Oleh : Meni Warlia, SH, MH, (Hakim PN Bangkinang)
Tanggal Posting: 15-04-2020 08:17:19

REVITALISASI MEDIASI DI PERADILAN PADA MASA PANDEMI COVID-19



Pandemi Covid-19 adalah tragedi kemanusiaan yang melibatkan miliaran manusia terdampak. Tidak diragukan lagi, ia adalah salah satu hantaman terkeras yang pernah mendarat di tubuh peradaban kita. Hukum sebagai salah satu supporting system yang menopang proses interaksi sosial tidak pula luput dari persoalan turunan akibat Covid-19.

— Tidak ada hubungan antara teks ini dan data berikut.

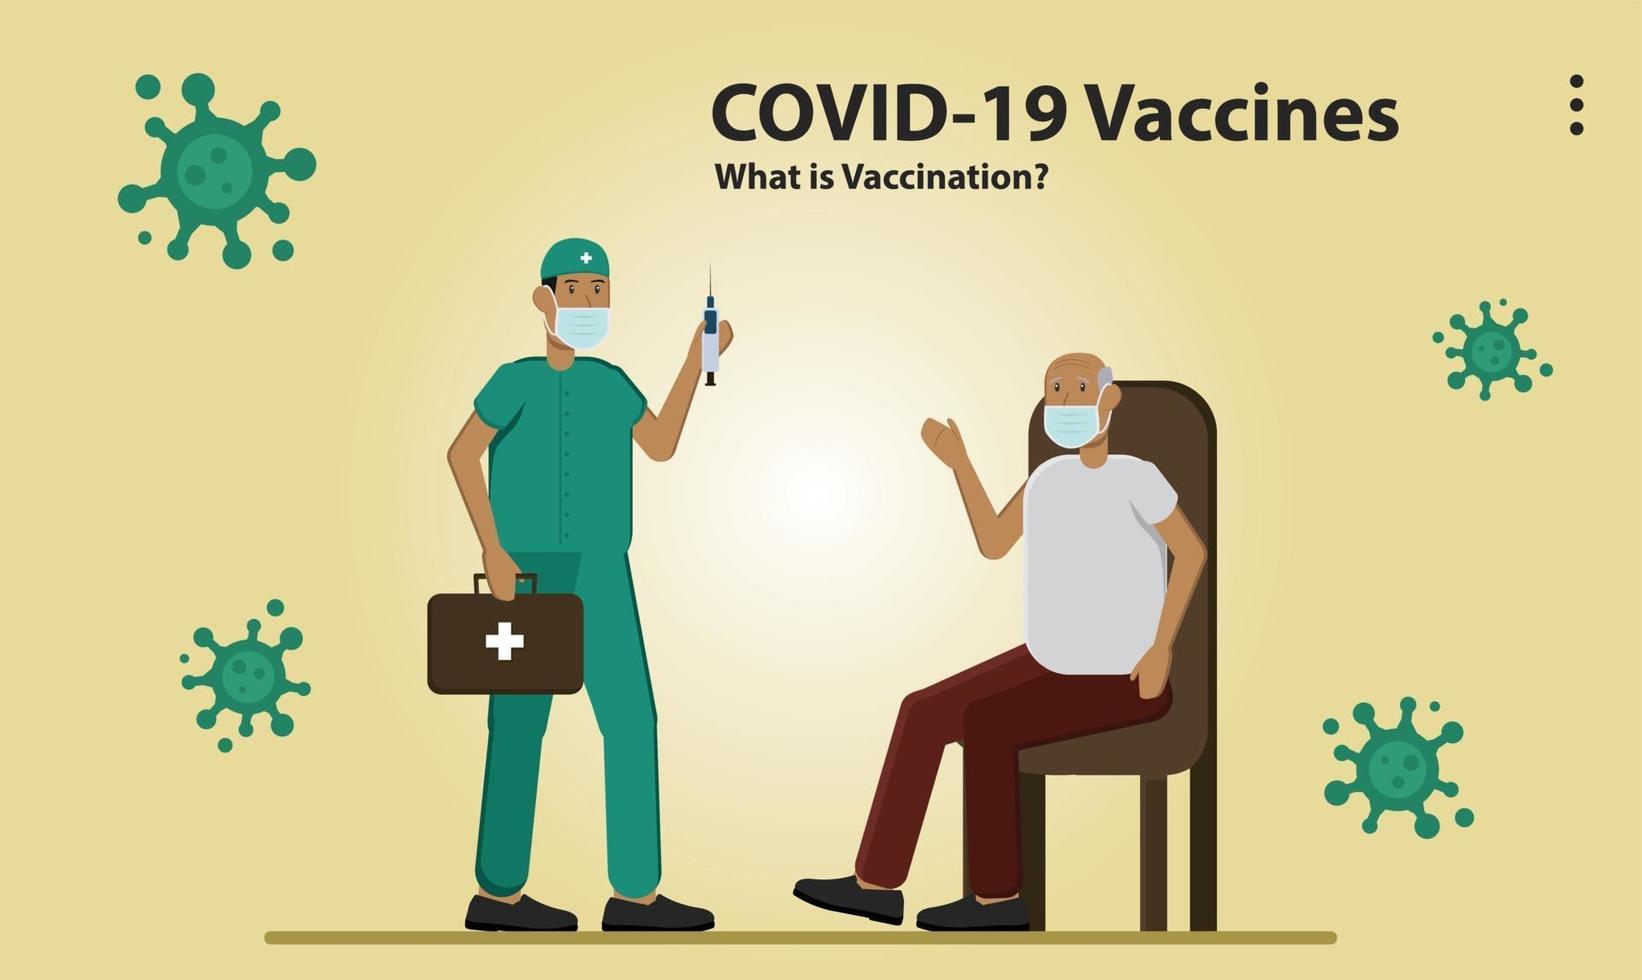 kampanj covid vacciner virusläkare pandemi globalt coronavirus vektor

Layaknya kutipan Michael Dooley disaster gave me two things: a moment to react and a decision to overcome, dunia peradilan segera bereaksi dan mengambil keputusan menerbitkan regulasi yang tidak biasa namun terbukti layak diapresiasi. Lahirnya Surat Edaran Mahkamah Agung Nomor 1 tahun 2020 yang mengejawantahkan Salus Populi Suprema Lex Esto dan surat dari Dirjen Badan Peradilan Umum Nomor : 379/DJU/PS.00/3/2020 tanggal 27 Maret 2020 pada gilirannya menjadi payung hukum dan dasar pijakan bagi pelaksanaan persidangan secara tele-conference;

Dalam system peradilan pidana, covid-19 memang telah memaksa terjadinya perubahan dalam proses pemeriksaan pidana khususnya mengenai kehadiran terdakwa di persidangan yang kini tidak hanya diartikan kehadiran secara fisik, namun juga kehadiran secara elektronik dalam bentuk video conference (vicon). Meski dalam praktiknya masih terdapat perbedaan pendapat dengan segala alasannya apakah pelaksanaan video conference dalam sidang pidana ini dibatasi hanya khusus terhadap terdakwa yang masa penahanannya tidak bisa diperpanjang lagi atau juga dapat diberlakukan bagi terdakwa yang masih dapat diperpanjang penahanannya atau bahkan terhadap perkara yang baru dilimpahkan, namun tidak dapat dipungkiri bahwa kehadiran secara elektronik sudah diterima sebagai norma hukum dan fatsun yang jamak dipraktikkan oleh hakim.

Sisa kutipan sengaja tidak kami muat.